Lipid metabolism at membrane contact sites is an important part of the theme of the special January issue of Biochimica Biophysica Acta. However, a separate new review article discusses this topic in relation to the phosphoinositides (Pemberton, J.G. et al. Integrated regulation of the phosphatidylinositol cycle and phosphoinositide-driven lipid transport at ER-PM contact sites. Traffic, 21, 200-2019 (2020); DOI). This is a topic with which I have struggled because of the complexity of the innumerable metabolites and pathways involved, and at first glance I am sure this review will enlighten me - helped by excellent illustrations.

January 8th, 2020

One of the many things I like about the journal "Lipids" is its short but descriptive title, and there are a few more out there like it, such as "Blood", "Bone", "Cells" and "Cancers" that are equally pithy. I turn up my nose at anything that begins with "The International Journal of etc" - what journal of any note is not international? It will be hard to find a journal title that is more succinct than "Gut", and we can be thankful that it is not the "Journal of the British Society of Gastroenterology". At least, with an unwieldy title such as "Proceedings of the National Academy of Sciences of the United States of America", we can abbreviate it to "PNAS", while "Prostaglandins, Leukotrienes and Essential Fatty Acids" is "PLEFA". Not that I am a great fan of acronyms and especially abbreviations in general, and for example I have just come across "DIM lipids" in the title of a publication. This conjured up some interesting mental pictures but when I read the abstract, this turned out to refer to phthiocerol dimycocerosates, the use of the abbreviation only a minor flaw in my opinion at least in an otherwise fascinating study (DOI).

December 30th, 2019

Scottish thistleLipids are essential components of bacterial cell walls. If we are to defeat pathogenic Gram-negative bacteria, we must understand how their anatomy (for want of a better word) and how it functions. I imagine that most microbiologists are familiar with the nature of the cell envelope, but I was ignorant of it until I decided that my Lipid Essentials section would be incomplete without a web page on lipid A. In fact, the cell wall consists of two bilayer membranes, separated by an aqueous phase, the periplasm, which contains a layer of peptidoglycan molecules. Lipid A is a multi-acylated disaccharide that serves to anchor a complex polysaccharide component to the outer leaflet of the outer membrane, so that the latter acts as an interface or barrier to the environment including the immune system of host animals including us. One of the most interesting aspects of the biochemistry is how the organism manages to construct and then transport such a large amphiphilic molecule across two bilayer membranes plus an aqueous phase and insert it correctly into the outer membrane. The answer is that it uses a kind of protein bridge made up of seven distinct proteins. A new review describes this in some detail but illustrates it with a superb diagrammatic representation, which greatly clarified the process for me (Sperandeo, P. et al. The Lpt ABC transporter for lipopolysaccharide export to the cell surface. Res. Microbiol., 170, 17981-17990 (2019);  DOI). I am envious of modern authors who have access to such artistic abilities.
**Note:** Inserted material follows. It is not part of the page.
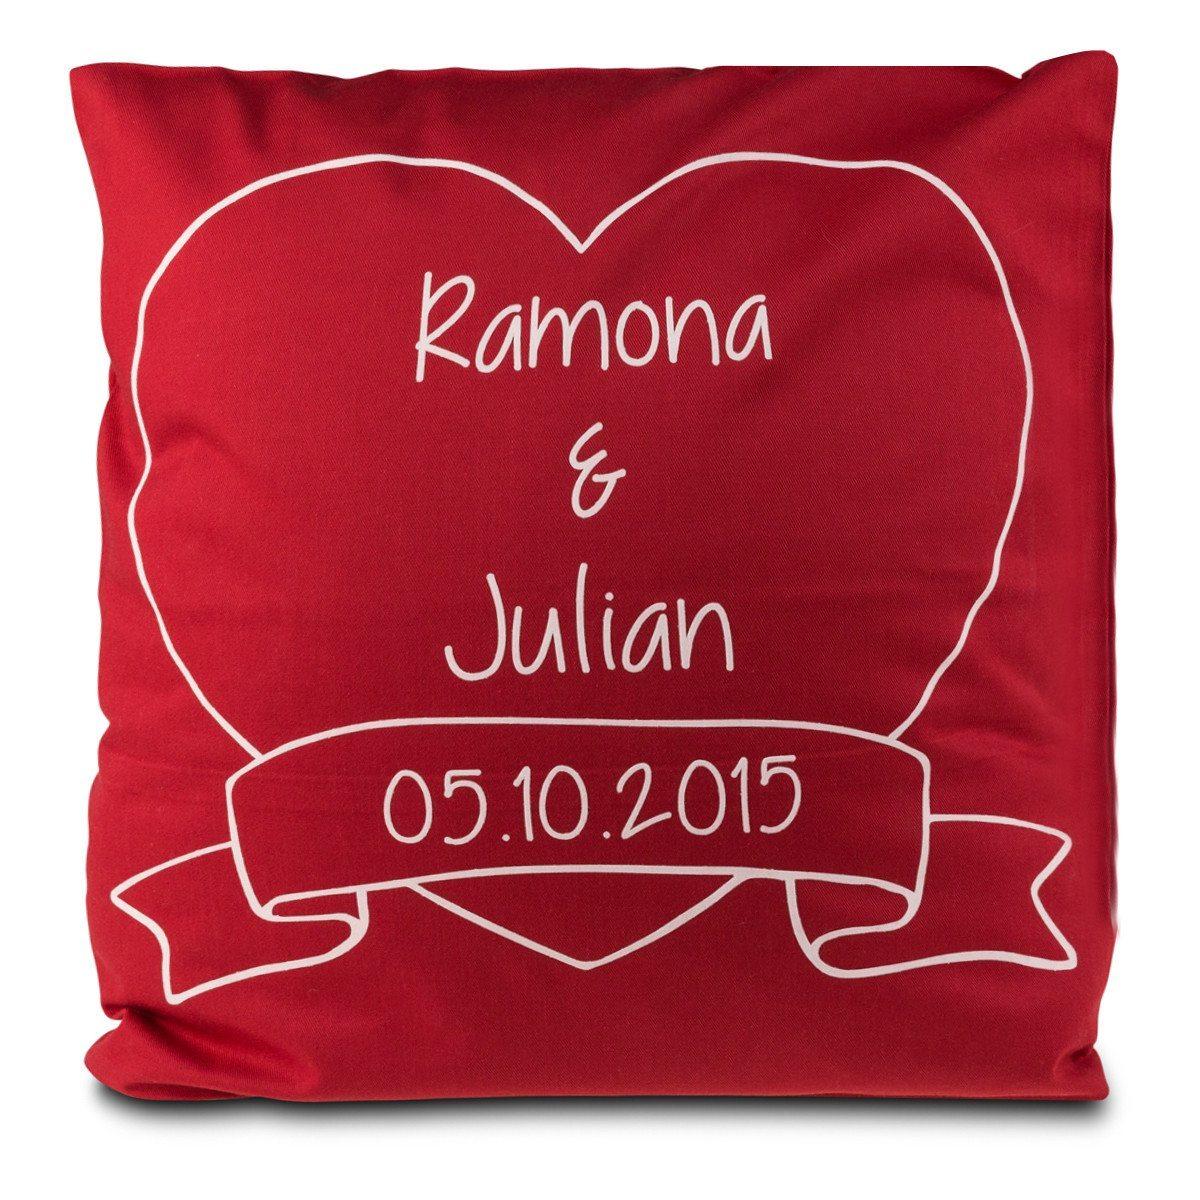 Romantik-Kissen mit Namen

The cell envelope of Mycobacterium tuberculosis is even more complex and includes a range of unique lipids that include mycolic acids, sulfoglycolipids, lipoarabinomannans and phosphatidylinositol mannosides. According to a new review, it has a sneaky habit of changing to accommodate different conditions, i.e. "to manipulate the human immune system, tolerate antibiotic treatment and adapt to the variable host environment" (Dulberger, C.L. et al. The mycobacterial cell envelope - a moving target. Nature Rev. Microbiol., 18, 47-59 (2020);  DOI). Again, this has a superb diagrammatic illustration of the cell wall that greatly aided my understanding.

December 18th, 2019

Every year at this time, I look over the LipidWeb to try to work out which areas have seen the most changes over the year as assessed by my log of daily updates, especially in the Lipid Essentials section. Often, the web pages on phosphatidylinositol and sphingosine-1-phosphate appear to be the most dynamic, and again both have been prominent in this regard but not as much as in past years. The clear winner this year as last has been my web page on mono-oxygenated eicosanoids (HETE), closely followed by the pages dealing with prostaglandins, and those of some of the other oxylipins. In comparison to previous years, I suspect that if I could break down these updates further across the relevant web pages, a much higher proportion would have been concerned with esterified oxylipins in relation both to signalling and lipoxidation reactions (for which two major review volumes have been published), as opposed to those in unesterified form. Indeed, my web page dealing with Bioactive aldehydes and oxidized phospholipids has probably seen the most substantial updates (and I am still working on it). As to other lipid classes, web pages on proteolipids and lipoproteins have seen numerous updates, but my sphingolipid pages do not seem to have developed as quickly as in past years, especially those dealing with the more complex glycosphingolipids. These comments always come with the caveat that the literature surveys on which my updates are based are highly subjective. I try to take a broad view, but my personal interests always emerge.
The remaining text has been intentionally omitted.